**WHAT YOU SHOULD DO**
Reproduce the whole listing exactly, omitting any picture it holds.

**GIVEN INFORMATION**
=== Section Start ===

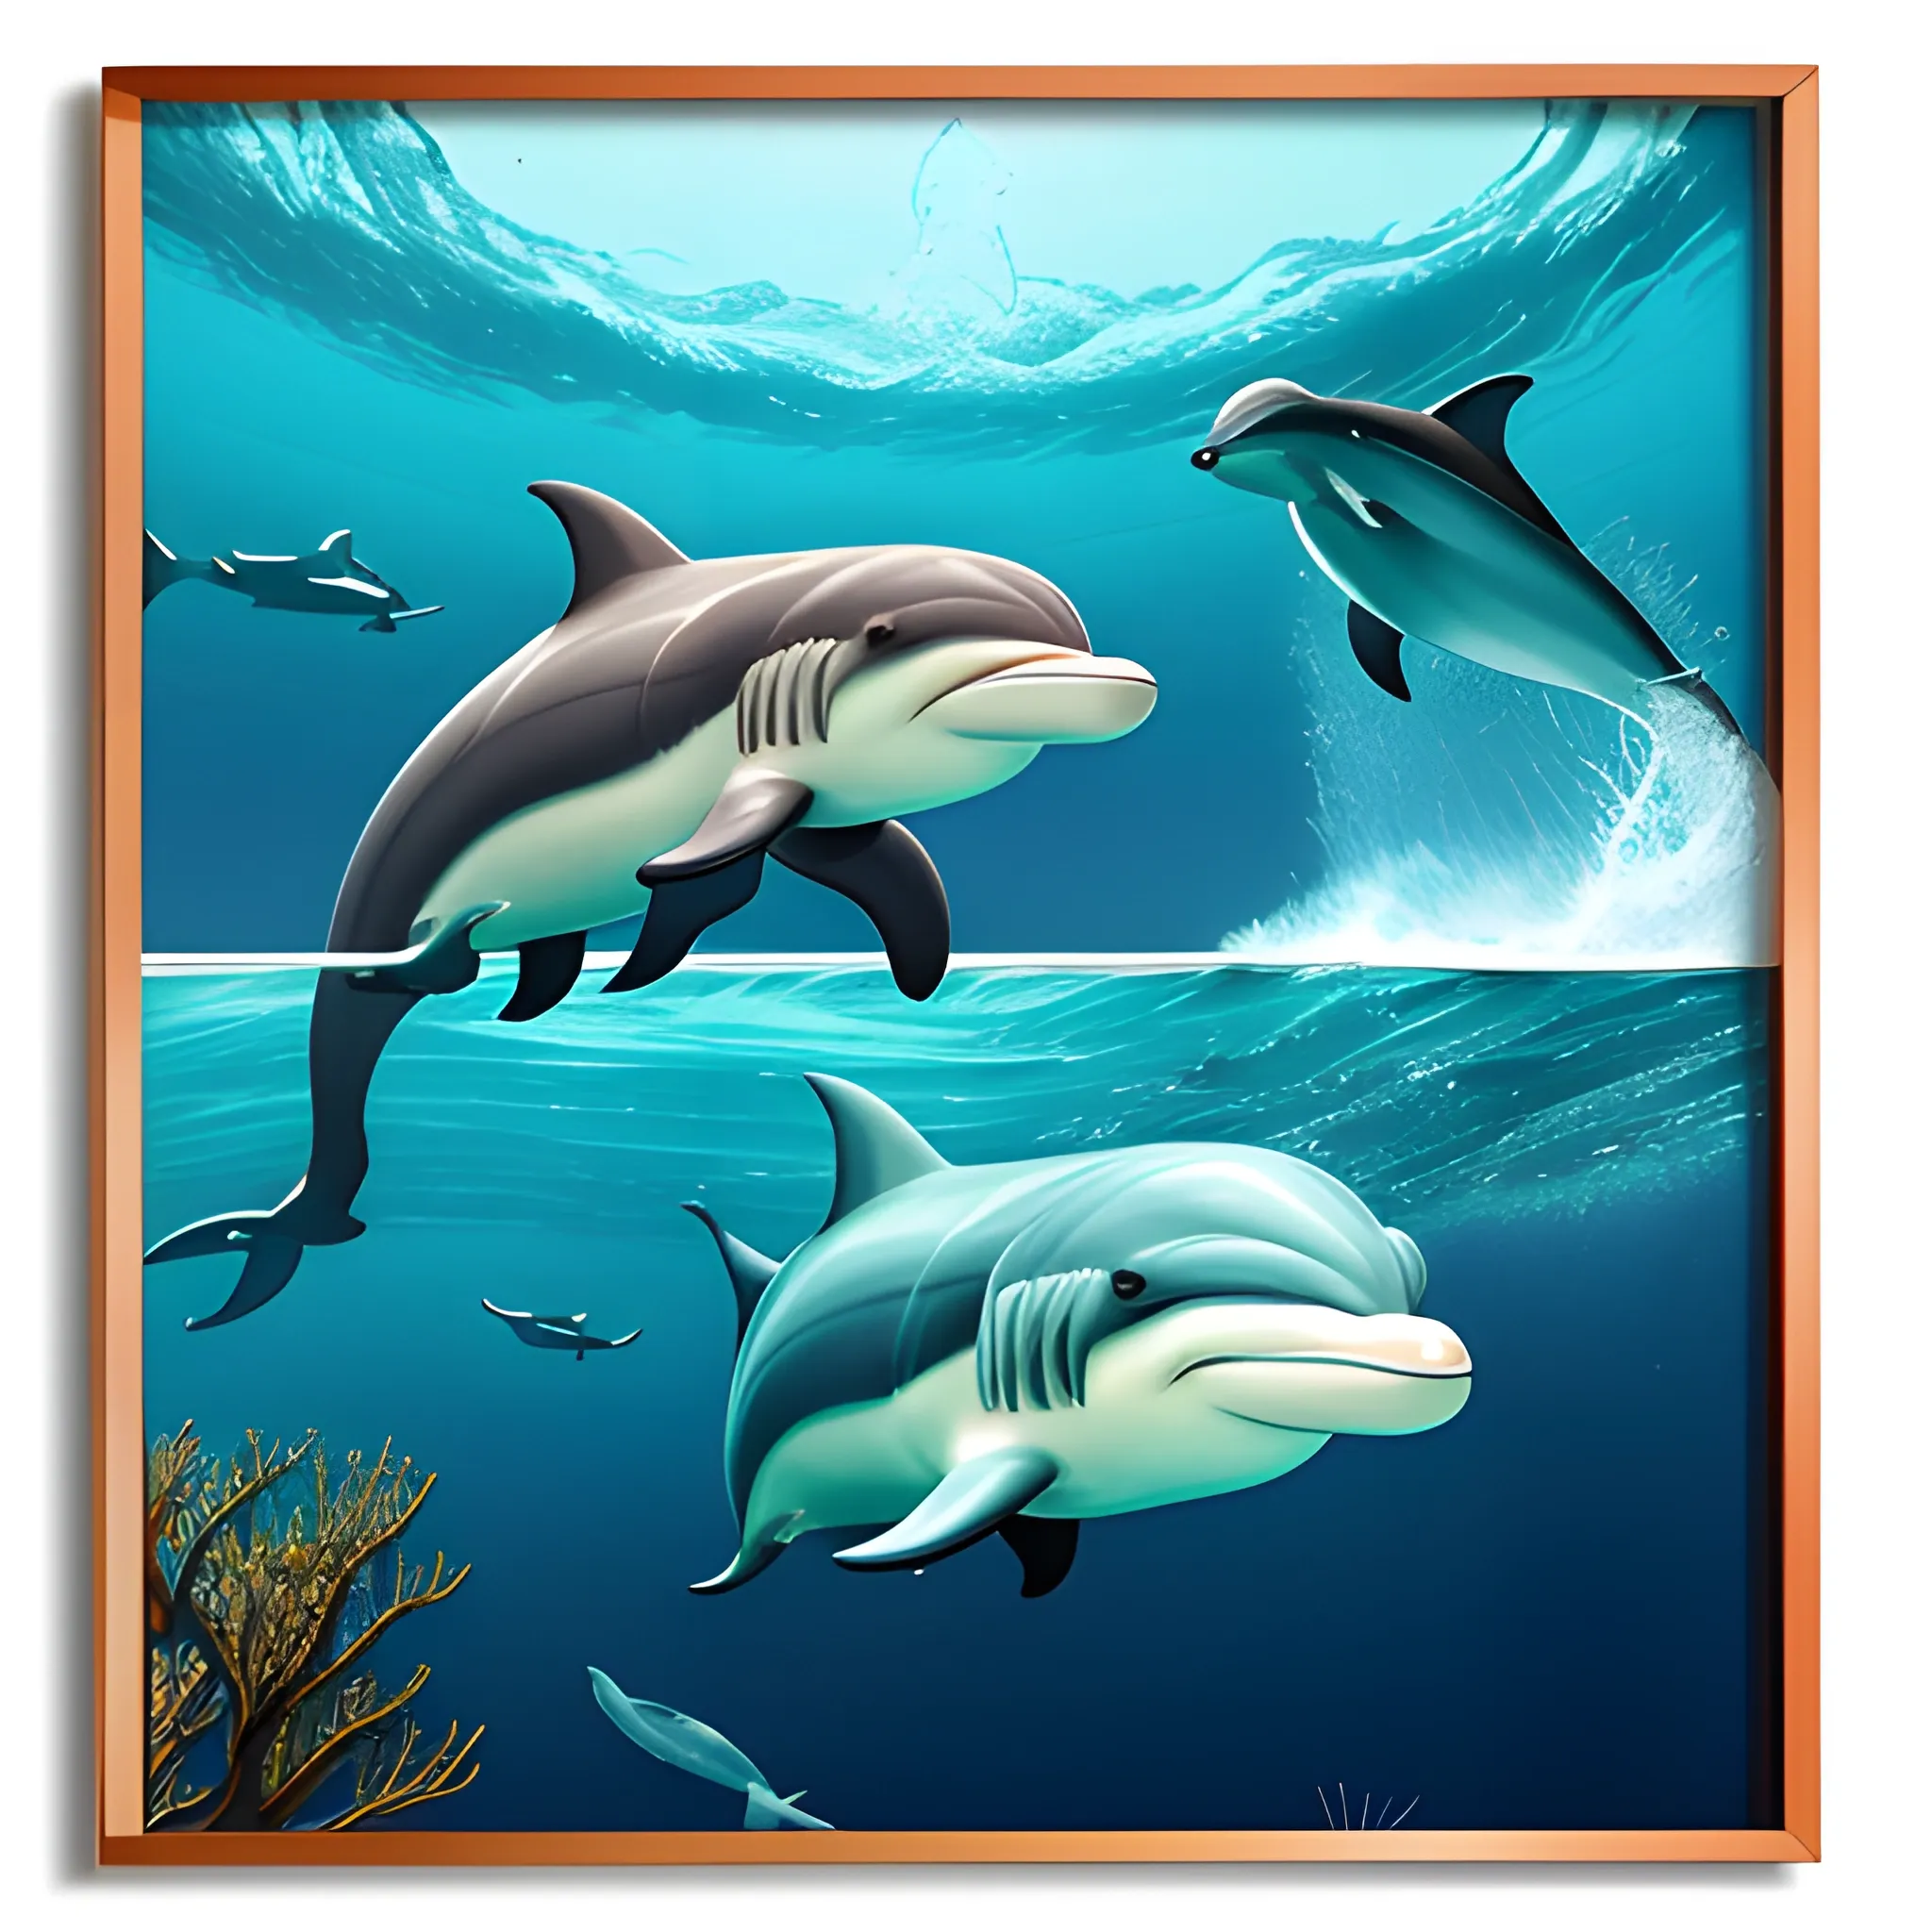 Through the lens, frame a menagerie of marine mammals - from dolphins to sharks to vast schools of fish - interacting in complex ecosystems never before witnessed.
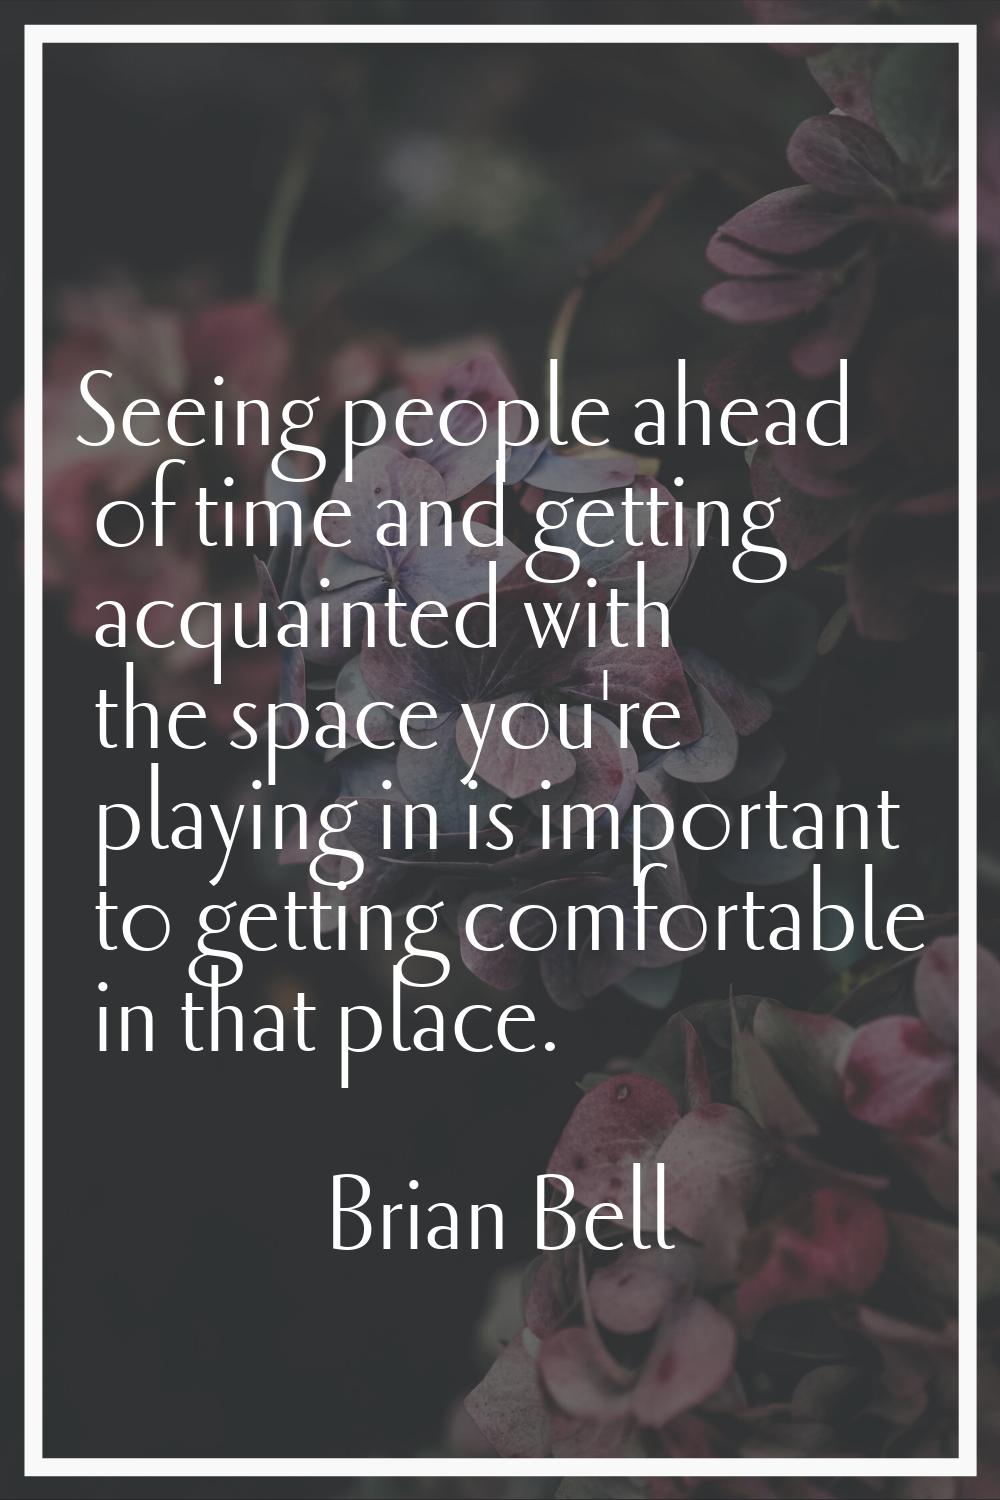 Seeing people ahead of time and getting acquainted with the space you're playing in is important to
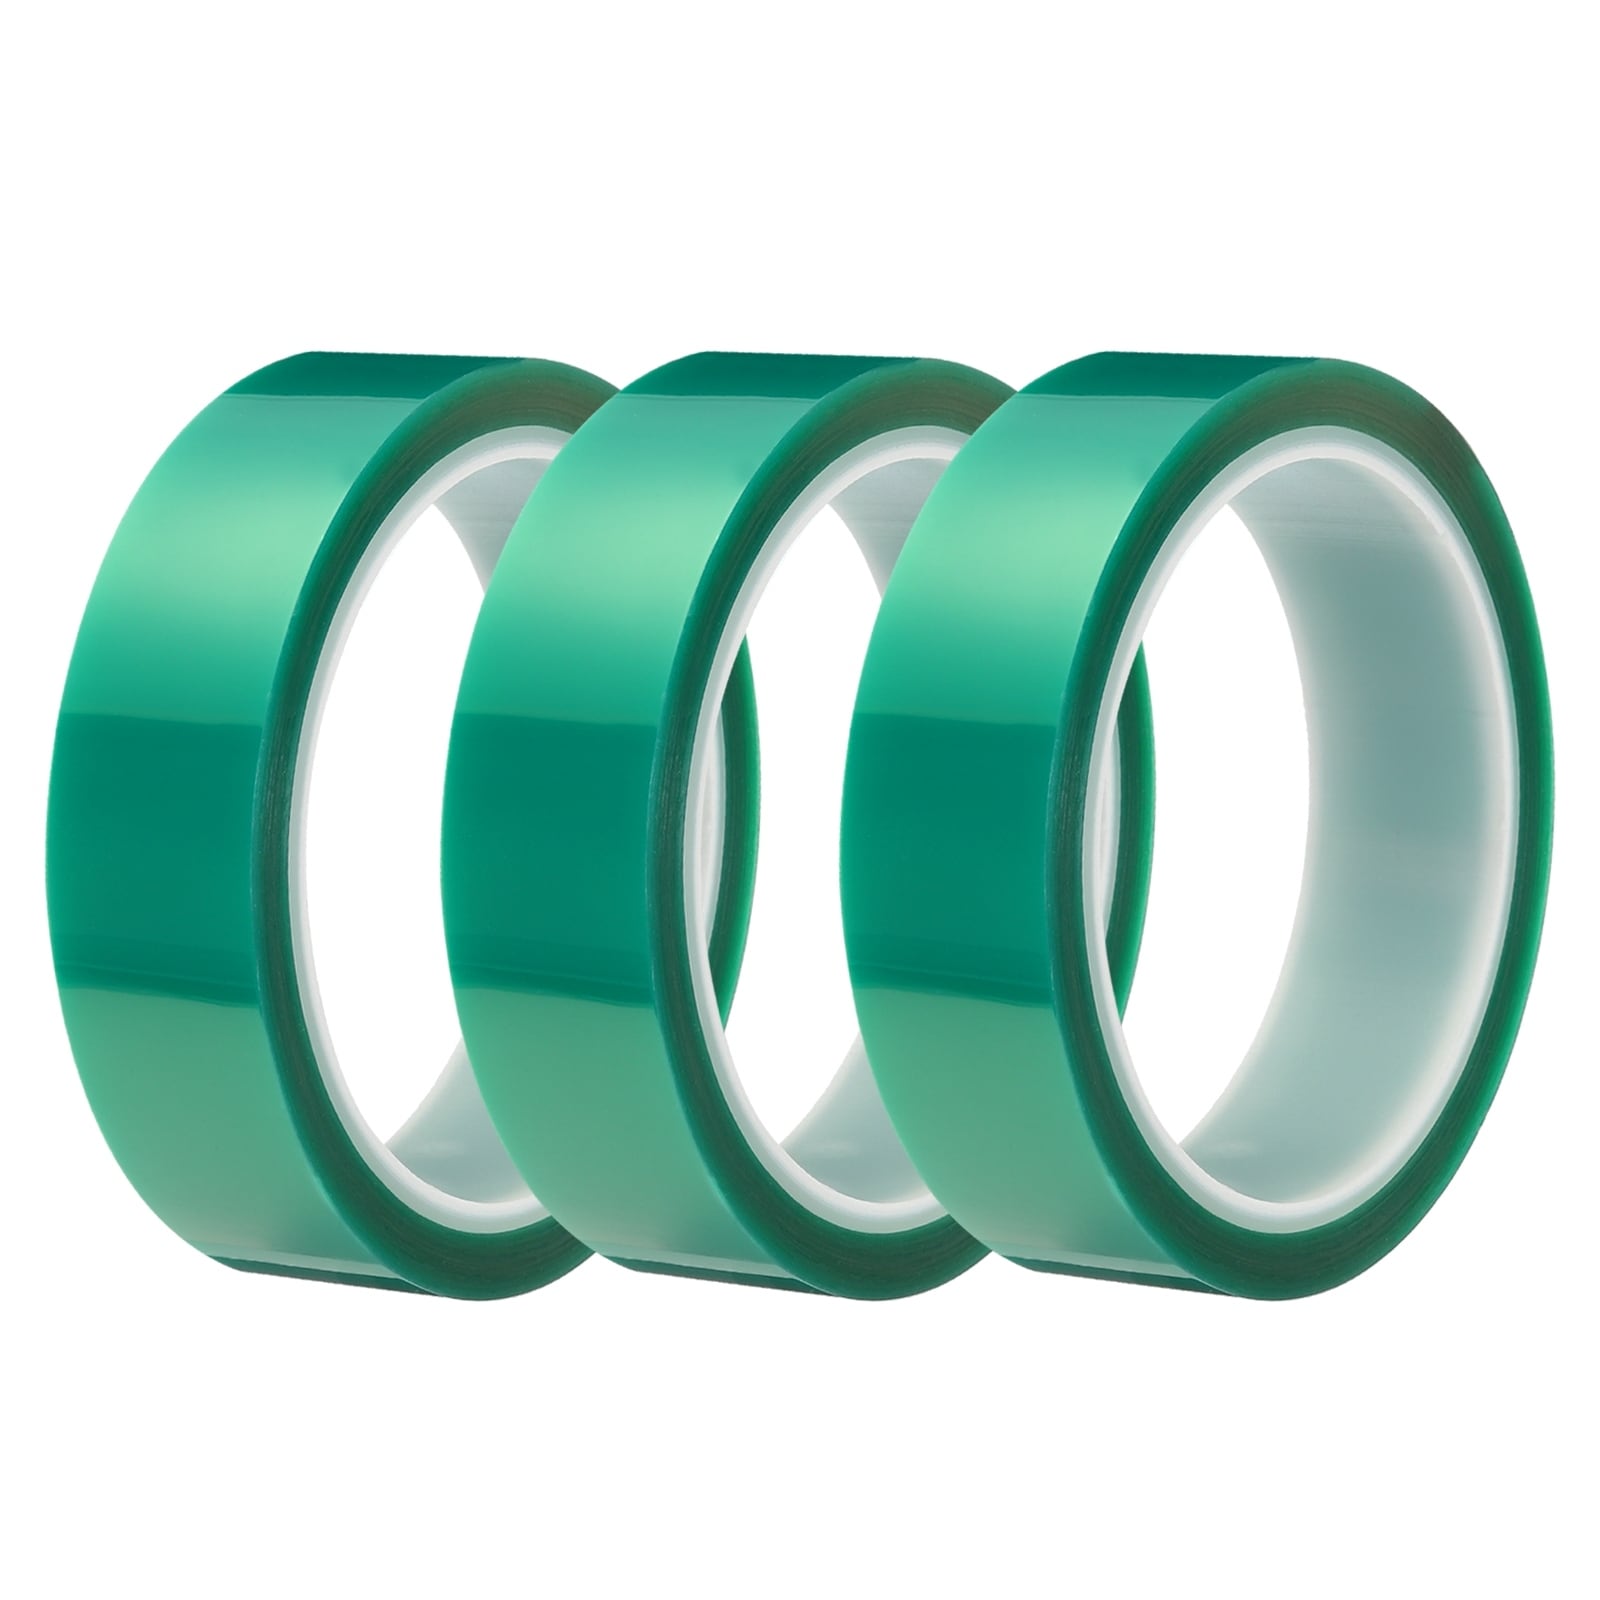 Resin Tape Silicone Adhesive Tape for Epoxy Resin,0.98 Inch Wide 108FT  Long,3PCS - Green - Bed Bath & Beyond - 39178364

=== Section End ===

**FINISHED EXERCISE**
 Through the lens, frame a menagerie of marine mammals - from dolphins to sharks to vast schools of fish - interacting in complex ecosystems never before witnessed.
 Seeing people ahead of time and getting acquainted with the space you're playing in is important to
 Resin Tape Silicone Adhesive Tape for Epoxy Resin,0.98 Inch Wide 108FT  Long,3PCS - Green - Bed Bath & Beyond - 39178364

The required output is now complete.